Qual a ação da substância do Permenati 1%?
Resultados de Eficácia
Em 1986, a Permetrina tópica foi introduzida em artigo publicado por Taplin e at. no Jornal da Academia Americana de Dermatologia (Bigby, 2000).
Em revisão sistemática publicada em 2003, Elgart menciona que desde quando tornou-se disponível, a Permetrina tópica rapidamente tornou-se o tratamento de escolha na escabiose. Os motivos apontados para isso seriam a sua quase completa ausência de toxicidade e sua capacidade de permanecer na pele por vários dias após a aplicação tópica (Elgart, 2003).
Em 2010, Strong e Johnstone realizaram nova revisão sistemática da literatura com o intuito de verificar a eficácia e segurança de drogas tópicas e sistêmicas para o tratamento da escabiose (Strong e Johnstone, 2007).
A Permetrina tópica mostrou-se mais eficaz que a ivermectina oral em 2 estudos envolvendo 140 pacientes. A Permetrina tópica também mostrou-se ainda mais eficaz na redução do prurido persistente do que o lindano em 5 estudos com 753 pacientes. Ainda nesta revisão, os autores concluem que a Permetrina tópica parece ser o tratamento mais eficaz para a escabiose (Elgart, 2003).
Referências Bibliográficas
1. BIGBY, Michael. A systematic review of the treatment of scabies. Achives of Dermatology. 2000. v. 136. p. 387-389.

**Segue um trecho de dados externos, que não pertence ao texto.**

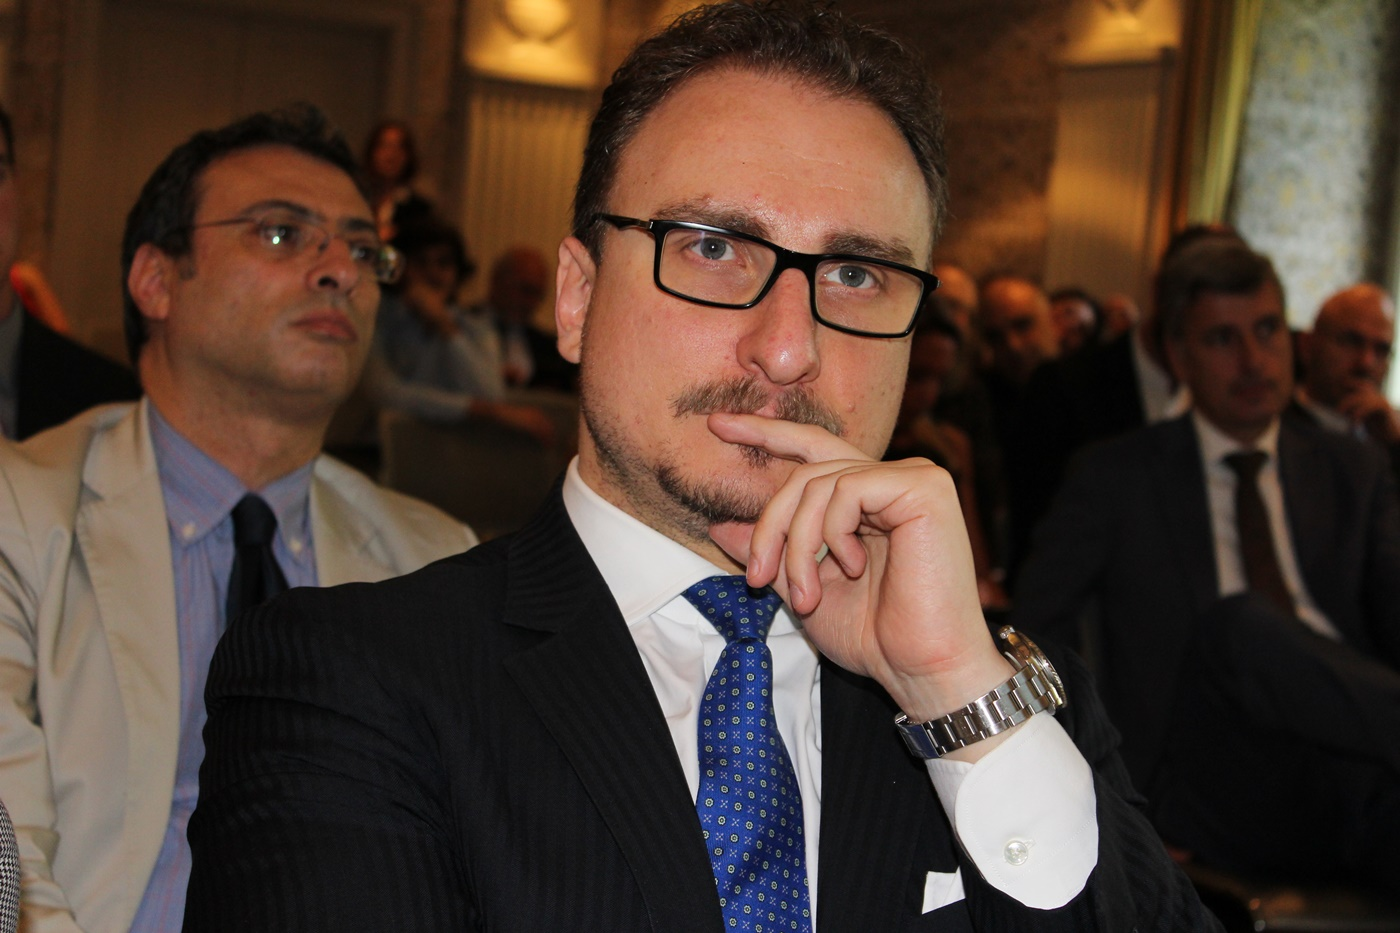 Stefano Mele, stati uniti

2. ELGART, L. Mervyn. Cost-benefit analysis of ivermectin, permethrin and benzyl benzonate in the management of infantile and childhood scabies. Expert Opinion on Pharmacotherapy. 2003. v. 4(9). p. 1521-1524.
3. STRONG, M.; JOHNSTONE, P. Interventions for treating scabies (Review). The Cochrane Library.
Características Farmacológicas
Permetrina encerra como princípio ativo a Permetrina, uma mistura de isômeros cis e trans de um piretróide sintético. A Permetrina atua na membrana da célula nervosa do parasita, desregulando o canal de sódio, através do qual é regulada a polarização da membrana. A repolarização retardada e a paralisia do parasita são as consequências de sua ação.
Dados preliminares indicam que menos de 2% da quantidade aplicada é absorvida sistematicamente. A Permetrina apresenta certa atividade residual por, aproximadamente, 14 dias. Sofre biotransformação rápida por reações de hidrólise, e a excreção principal é a renal.
Propriedades farmacodinâmicas
Mecanismo de ação
Efeitos farmacodinâmicos
A principal ação fisiológica em insetos (piolhos) expostos a Permetrina é a indução de alterações eletroquímicas através das membranas das células excitáveis, levando à hiper-excitabilidade sensorial, descoordenação e prostração. Presume-se que o modo de ação contra aracnídeos (ácaros) seja semelhante.
Farmacocinética
Absorção
Menos de 0.5% da Permetrina aplicada é absorvida durante as primeiras 48 horas. Portanto, toxicidade não é normalmente observada, uma vez que um adulto de 70 kg teria de consumir um total de 2640 g de produto com Permetrina 5% p/p para atingir uma dose de LD50. (Elgart, 2003).
Distribuição
A distribuição da Permetrina aplicada topicamente é principalmente limitada à pele, uma vez que uma quantidade muito pequena de Permetrina é absorvida sistemicamente.
Metabolismo
Nos mamíferos, a Permetrina é metabolizada por hidrólise do éster na pele e no fígado para produzir metabólitos inativos que são excretados principalmente na urina.
Eliminação
Os principais metabólitos da Permetrina são detectáveis na urina dentro de horas após uma aplicação do produto no corpo todo em voluntários saudáveis ou pacientes com escabiose. Os níveis mais elevados de excreção são detectados dentro das primeiras 48 horas, mas níveis muito baixos de metabólitos são ainda detectáveis na urina de alguns indivíduos 21 dias após o tratamento.